Иногда во время ночных перелетов над горами с высоты вдруг можно увидеть глубоко внизу россыпь огоньков. Там в низине живут люди. А совсем рядом со мной в иллюминаторе – Луна, та же Луна, которую увидят жители этого затерявшегося поселения, если поднимут лицо к ночному небу, скрывшему от них до рассвета окружившие их величественные горы. Но какой они увидели бы ее? Смогли бы они представить себе жизнь на равнине, под небом, полным стремительно мчащихся друг за дружкой низких облаков, там, где горизонт далеко-далеко, а ветер не терпит преград и даже в городах вольно мчится по улицам и проспектам, дразня людей?

Во всех странах в сельской местности детвора обязательно машет проезжающим мимо автобусам с туристами. Иногда – бурно, с  восторгом, иногда – робко, застенчиво. Если не полениться и помахать малышне в ответ, они расплываются в улыбках, неизменно щербатых – во всех мирах нашей планеты дети одинаково теряют молочные зубки.

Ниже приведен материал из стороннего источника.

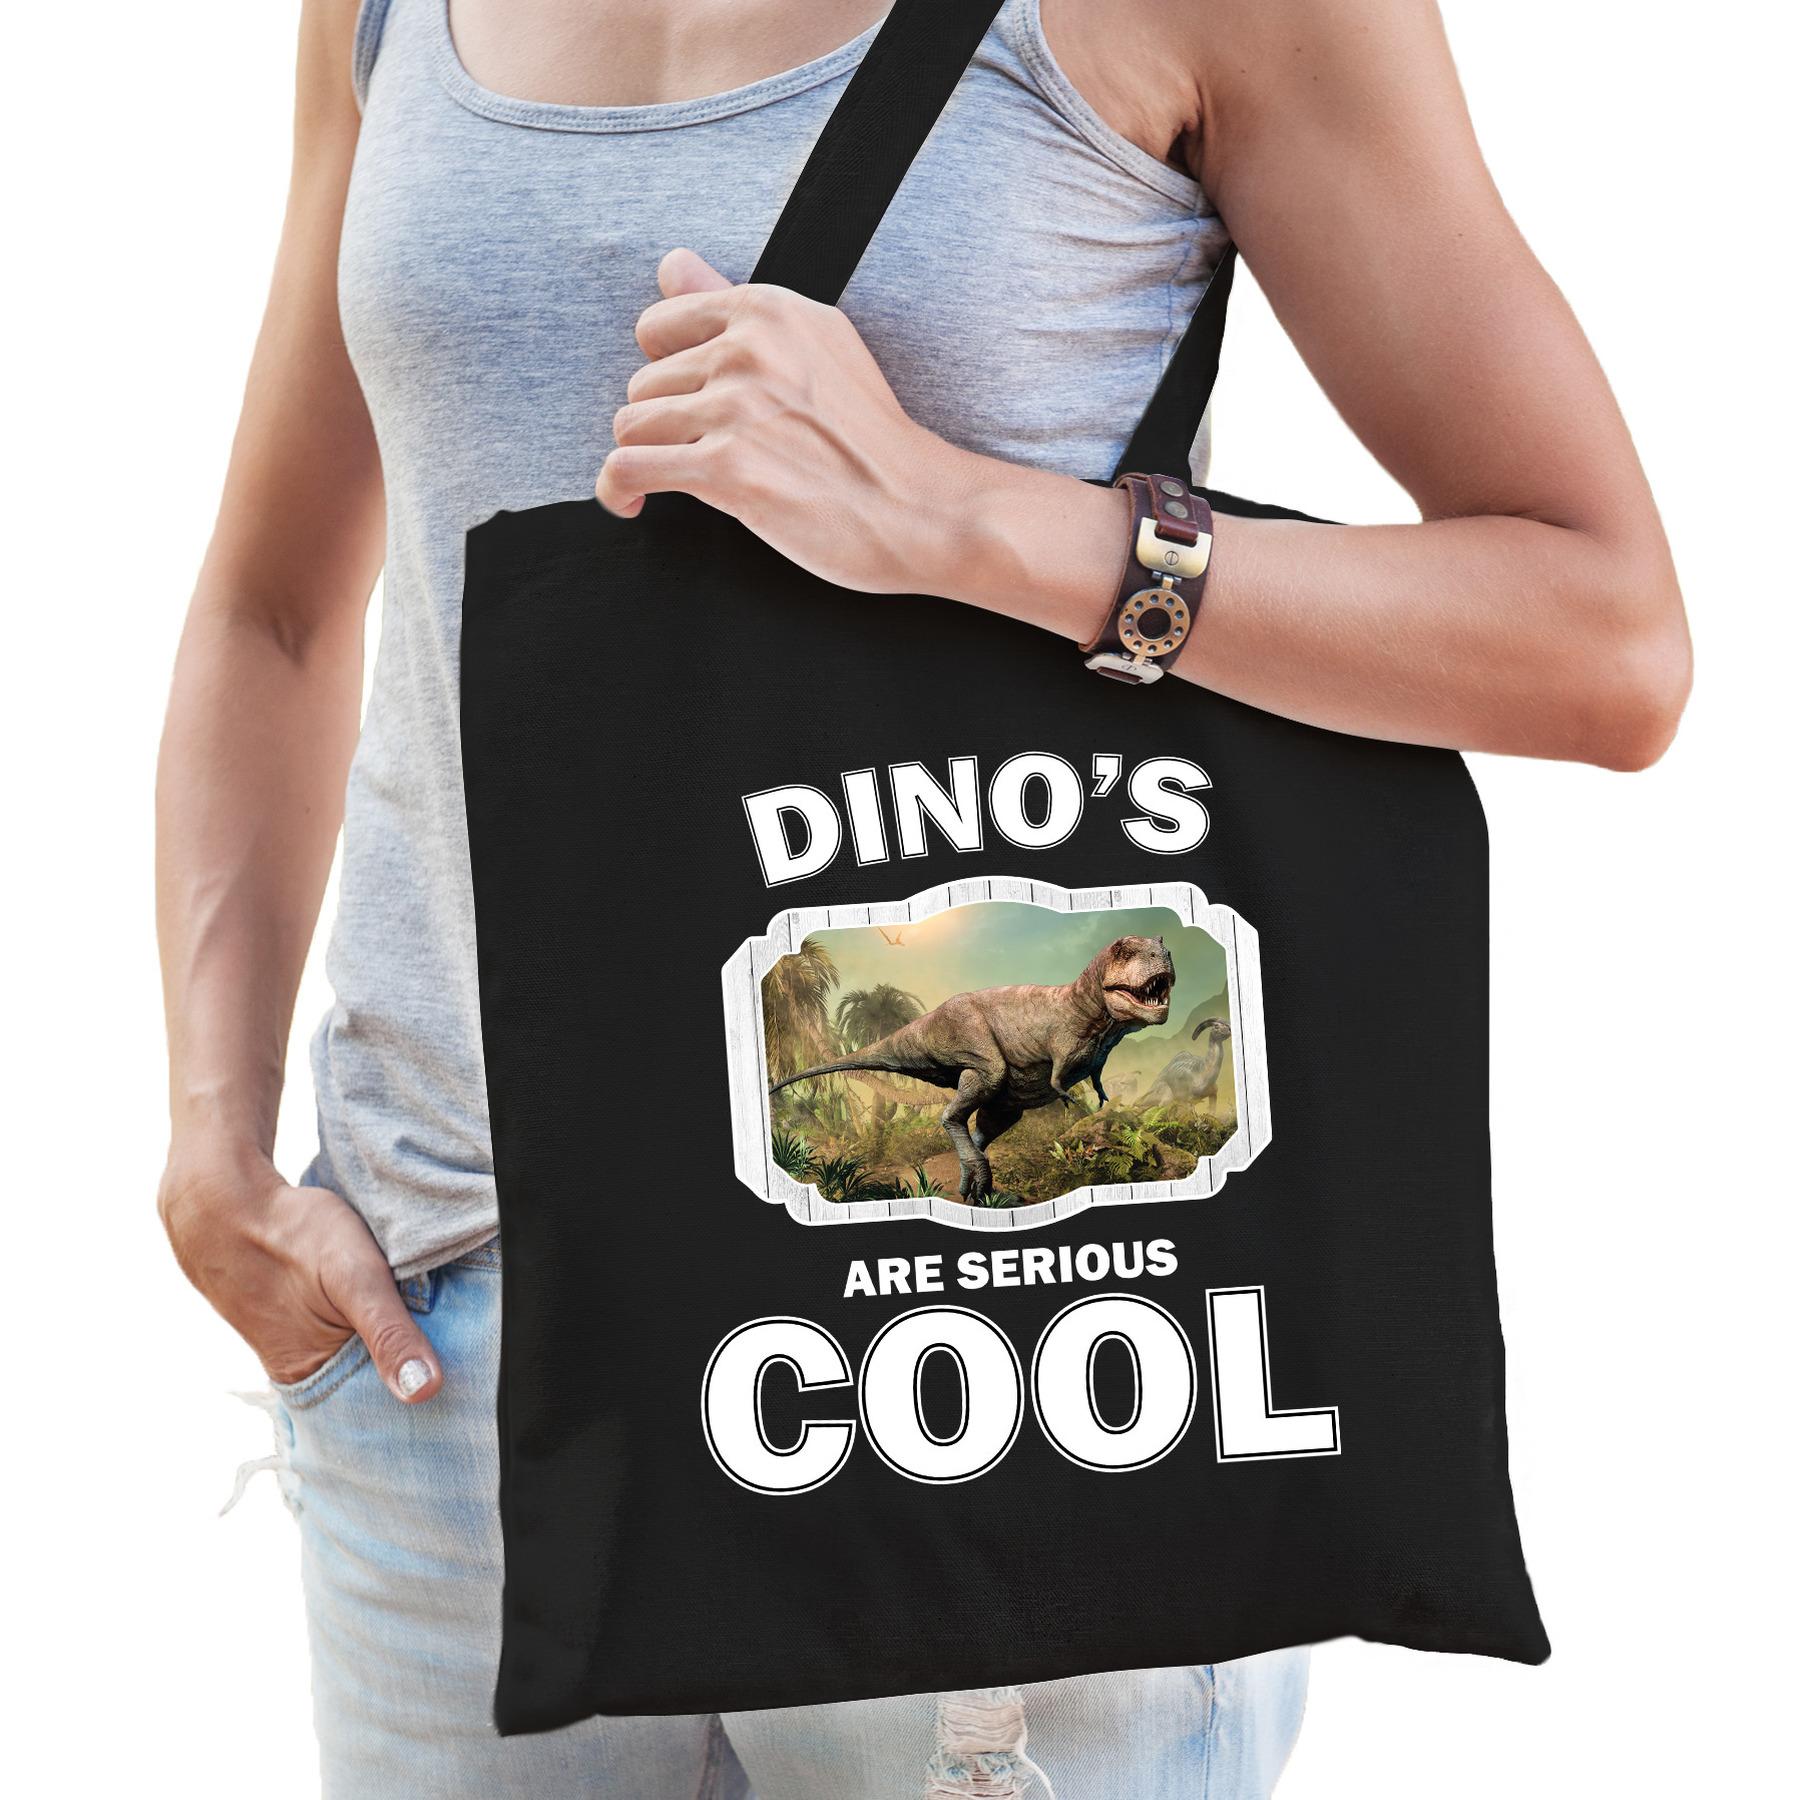 Katoenen tasje dinosaurs are serious cool zwart - dinosaurussen/ stoere t-rex dinosaurus cadeau tas
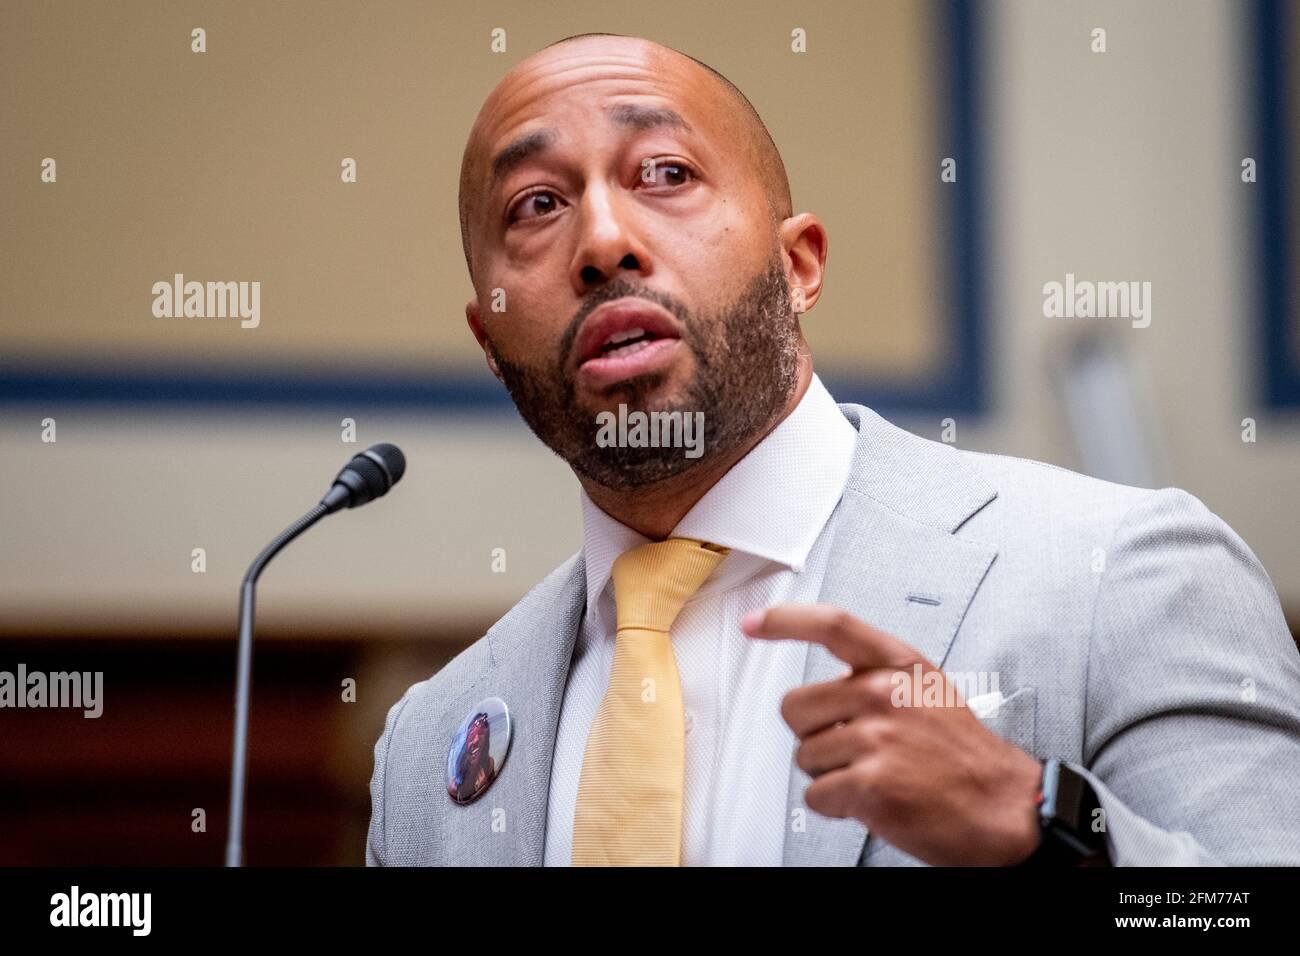 """Charles Johnson, esposo del difunto Kira Johnson y fundador de 4Kira4Moms, testifica sobre perder a su esposa durante una rutina c-sección, como él aparece para un Comité de la Cámara de Supervisión y Reforma que oye """"birthing while Black: Examinando las Américas Crisis de Salud Materna Negra"""" en el Edificio de la Oficina de Rayburn House en Washington, DC, jueves, 6 de mayo de 2021. Crédito: Rod Lamkey/CNP /MediaPunch Foto de stock"""

Интеллигентный, прекрасно образованный на европейский лад гид на Шри-Ланке, уроженец этого райского острова, поведал нам, что ему часто приходится прогонять из садика своего дома безобразничающих обезьян. «Гоняю их палкой», - говорил он.

Яркий как кинозвезда пятидесятых гид в Тунисе, сопровождавший нас в малоизвестную Дуггу, десять лет работал инженером-нефтяником  на нашем Севере. « Я готов воевать за вашу страну». – сказал он нам. – «Она дала мне все». Он поначалу казался нам немного заносчивым, как часто бывает с мужчинами из мусульманских стран, и прятался от нас за зеркальными очками, но потом снял их и оказался милейшим человеком, счастливым мужем привезенной из России жены.

Каждая страна оставила самое яркое воспоминание, то самое, которое сразу же приходит на ум, стоит только услышать или тихо сказать себе самой: «Иордания», или, например, «Вьетнам».

Ну что же, наверное, московские осенние вечера – самое лучшее время, что обратиться к своей памяти и, сплетя ее с воображением, еще раз изумиться красоте и яркости нашей планеты, постаравшись описать некогда увиденное. А потом, конечно же, приняться за подготовку нового путешествия.

1. Серебряное Солнце, Иордания.

Мы попали в песчаную бурю по дороге из Петры на Мертвое море.

До этого была Акаба, зажатая между раскаленными горами и казавшимся почти что ледяным Красным морем.

Иорданские горы – это камень. Я помню с детства величественные хребты Северного Кавказа, увенчанные снежными шапками, но даже те исполинские горы полны жизни, потому что там есть вода. Простая истина – для жизни нужна вода, стала для меня очевидной именно в Иордании. Нет воды – нет жизни.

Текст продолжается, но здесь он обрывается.